Dad joined hands with Martha who joined with Jean. Jean reached across the table and grabbed her father's hand before he could take hold of one of the limp hands resting in Wordless's lap. Wordless stared down at his plate. The family bowed their heads and sang the hymn, "Holy Gaia, Queen of Heaven".
"Thank you, Holy Gaia," Martha prayed. "For letting us partake of Your blessed food and drink. Thank you for this day without hunger. Thank you for taking away our thirst with the holy spring of Your word. Amen."
"Amen," the family said.
"I saw a hita in a cage at the market," Jean said. "It tried to attack a boy."
"I didn't think there were any around here anymore," Martha said.
"Captured down south and sold for baiting against men and beasts," Dad said. "Funny animals. Hermaphrodites." Jean wrinkled her brow. "Male and female in one body. A hita will never fight another hita, no matter how much they're goaded." He smiled at Martha. "There's none around here. Not for years since the hita wars."
The family started eating, cutting up their meat then using their forks to mash the dumplings, potatoes, gravy and vegetables together for easier handling with their spoons.

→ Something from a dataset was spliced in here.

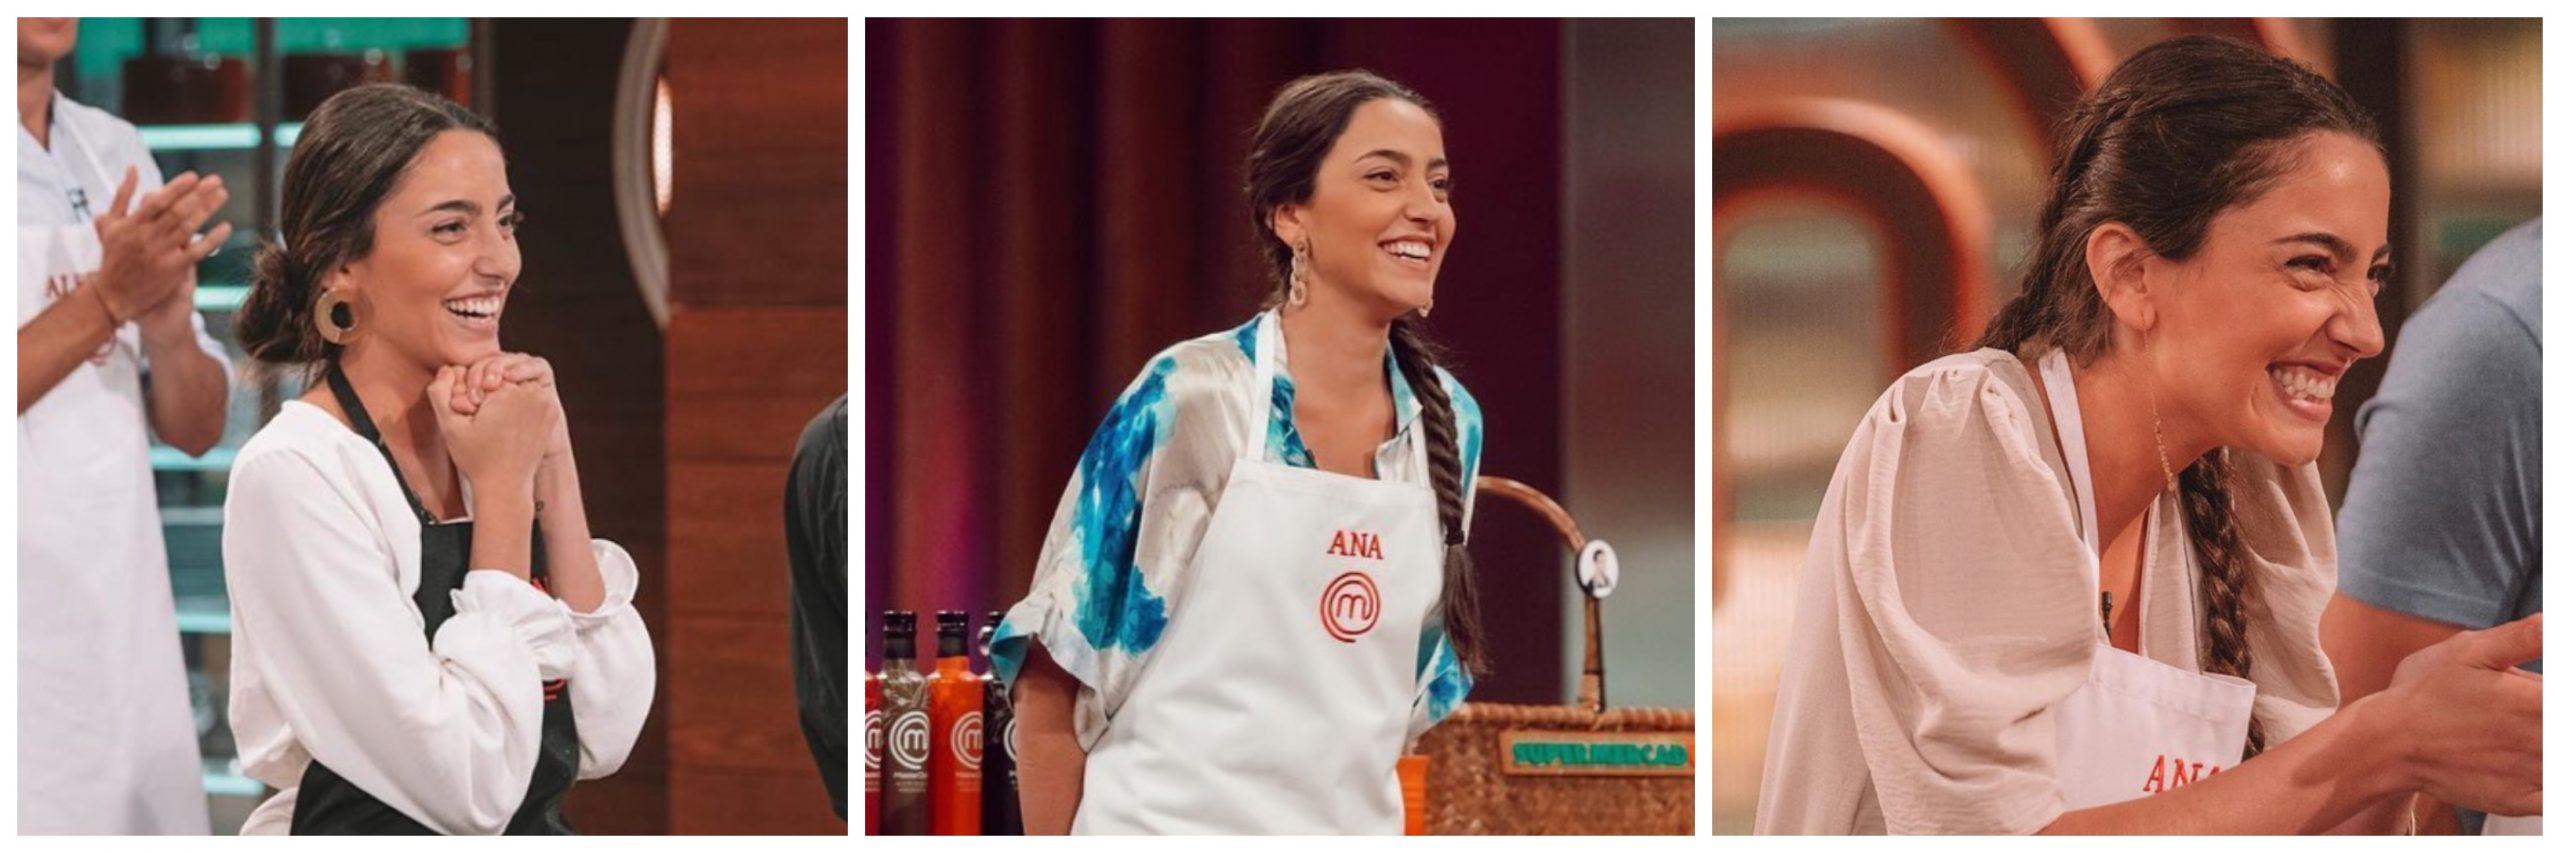 Ana, la ganadora de Masterchef en diferentes pruebas de Master Chef.

Wordless half-raised his head and stared at the label of the bottle of fruit drink sitting in the middle of the table. The outline of a shield bore a scorpion rampant under a crown of stars. Beneath it were the words:
Special Lemon
A fine product of
Bostroy and Eden, Co. purveyors of
Victuals and fine drink.
Under the patronage of His Holiness, the Archmage Laius.
"Would you like some soda?" Martha asked.

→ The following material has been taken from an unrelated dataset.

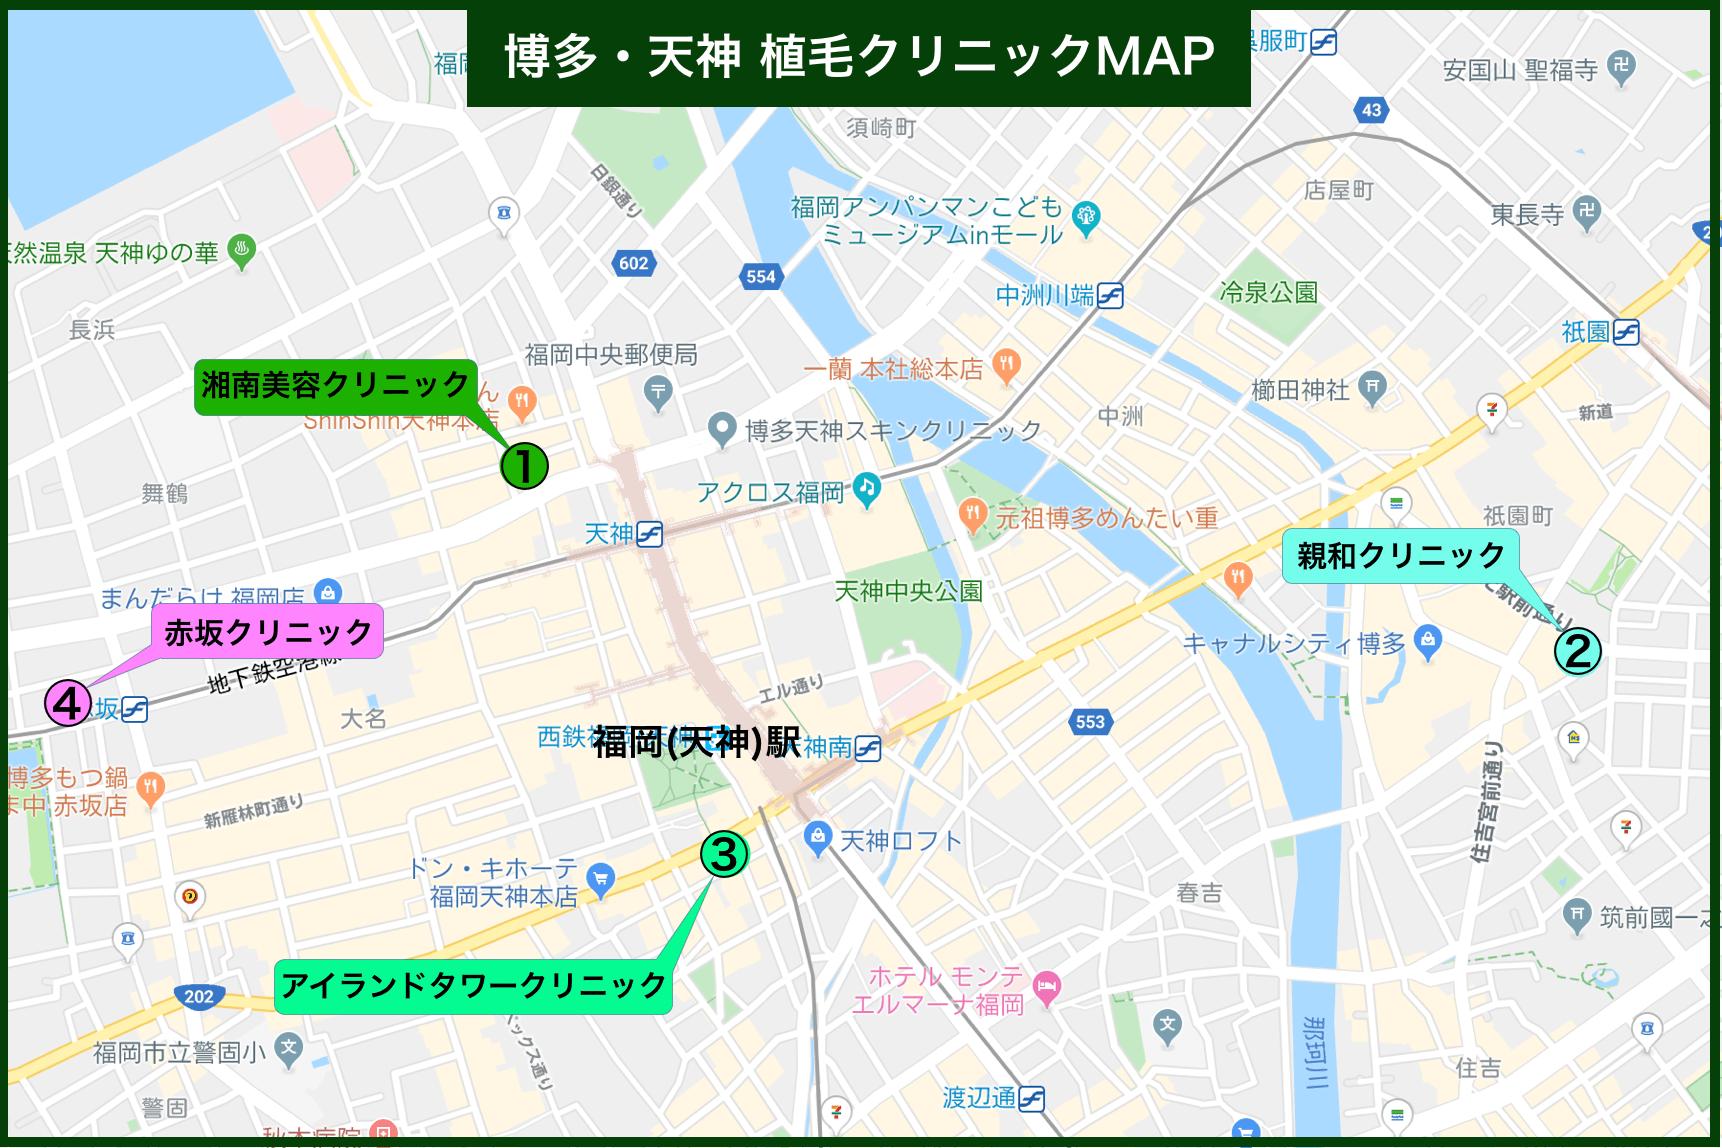 博多・天神 植毛クリニックMAP(2020年2月版)

Wordless lowered his head and stared down at his untouched food.
"Rude," Jean said.
"He's retarded. Can't answer," Dad said. "Right now he's waiting for a cuff in the head, or worse."
"Oh, Wordless," Martha said. She poured Special Lemon into his glass. "I wouldn't hit you over soda."
He raised his head, gave her a blank stare then took a long drink of his Special Lemon.
"He likes that. Could drink it all day," Jean said.
Wordless put down his glass and ran his fingers along the battered knife, fork and spoon bunched at the side of his plate.
"Show him how to use them, Dad," Martha said.
Wordless picked up his utensils and began to eat. He used the style of the nobles: cutting a small piece of food then lifting it with his fork and eating it before cutting the next piece, taking pinches of salt and herbs from the cellars and sprinkling with his fingers instead of spooning a small pile onto the side of his plate.
"I can't believe it," Martha said.
"There's more to this lad than meets the eye," Dad said.
"He's a pig in a poke," Jean said.
Wordless ignored them, his only acknowledgment of their existence his staring at his empty plate until Martha refilled it and he began to work again at elegantly filling his starving stomach.